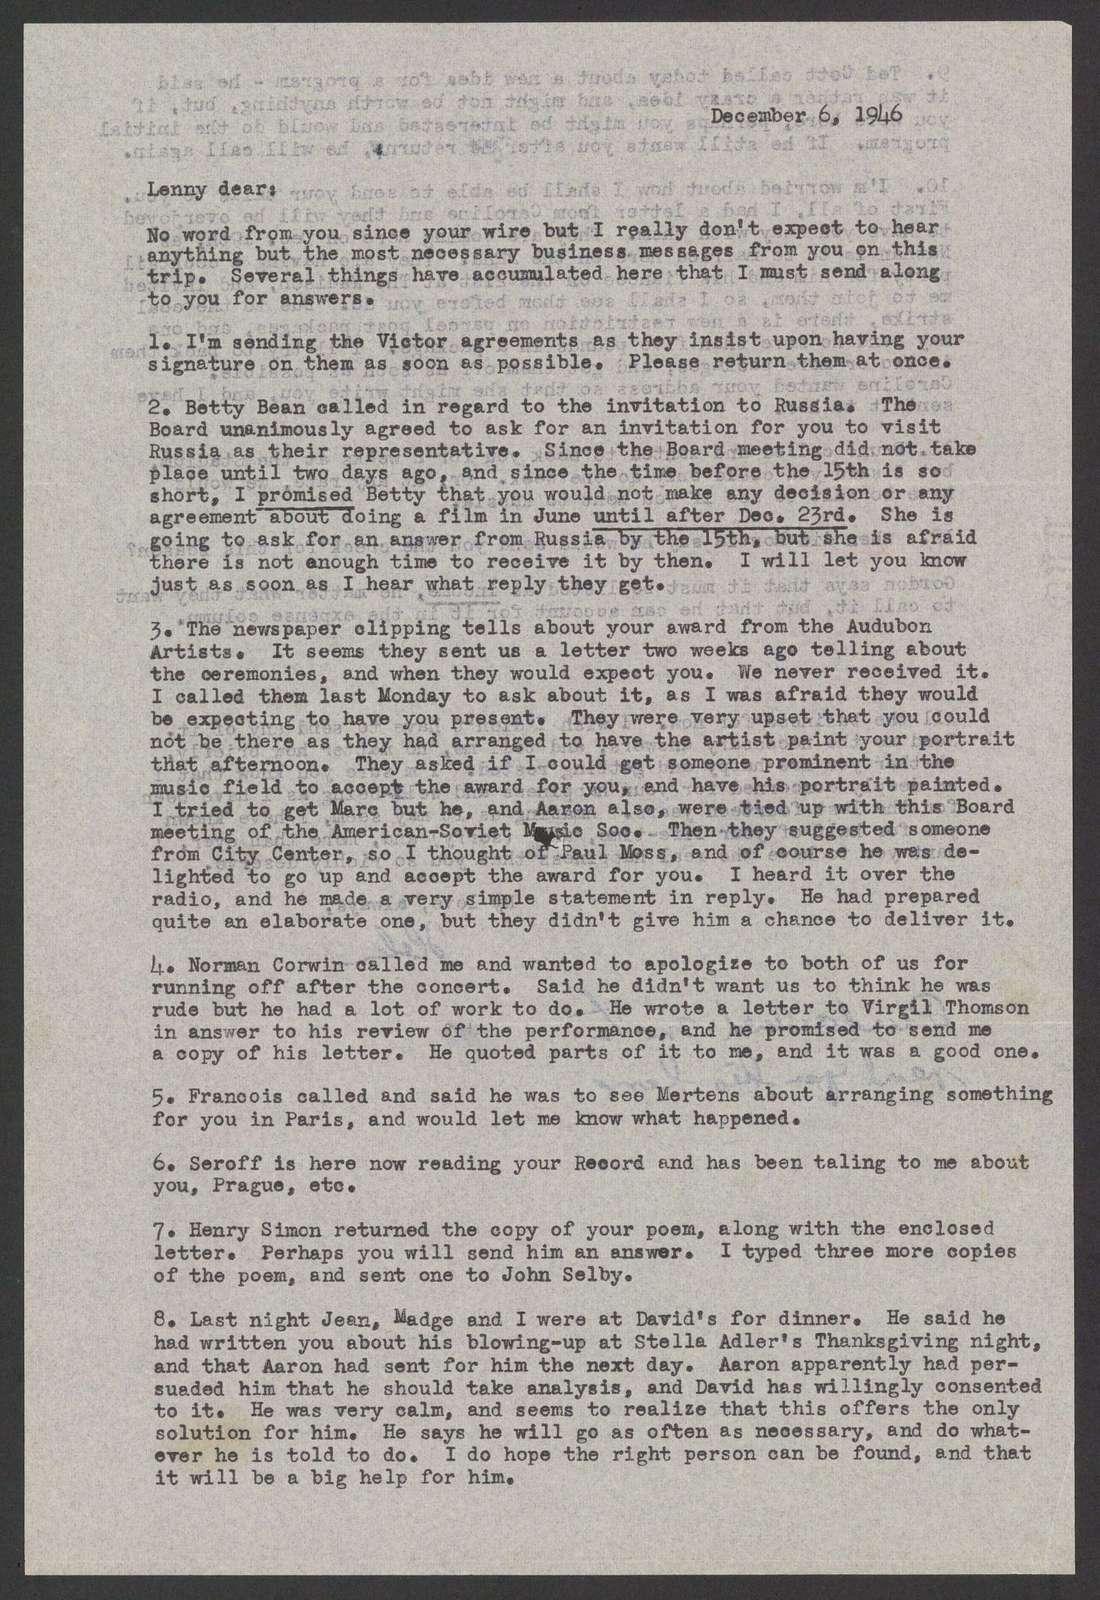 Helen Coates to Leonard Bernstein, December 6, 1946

__________________________________________________

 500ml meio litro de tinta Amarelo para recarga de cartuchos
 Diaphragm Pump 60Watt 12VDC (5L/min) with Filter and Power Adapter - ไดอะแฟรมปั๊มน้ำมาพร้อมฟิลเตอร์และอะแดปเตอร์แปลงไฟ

__________________________________________________

* What is being asked *
When you reach the line in the material above that holds "500ml meio litro", begin reproducing lines exactly, and stop after the line that holds "Diaphragm Pump 60Watt".

* Completed task *
 500ml meio litro de tinta Amarelo para recarga de cartuchos
 Diaphragm Pump 60Watt 12VDC (5L/min) with Filter and Power Adapter - ไดอะแฟรมปั๊มน้ำมาพร้อมฟิลเตอร์และอะแดปเตอร์แปลงไฟ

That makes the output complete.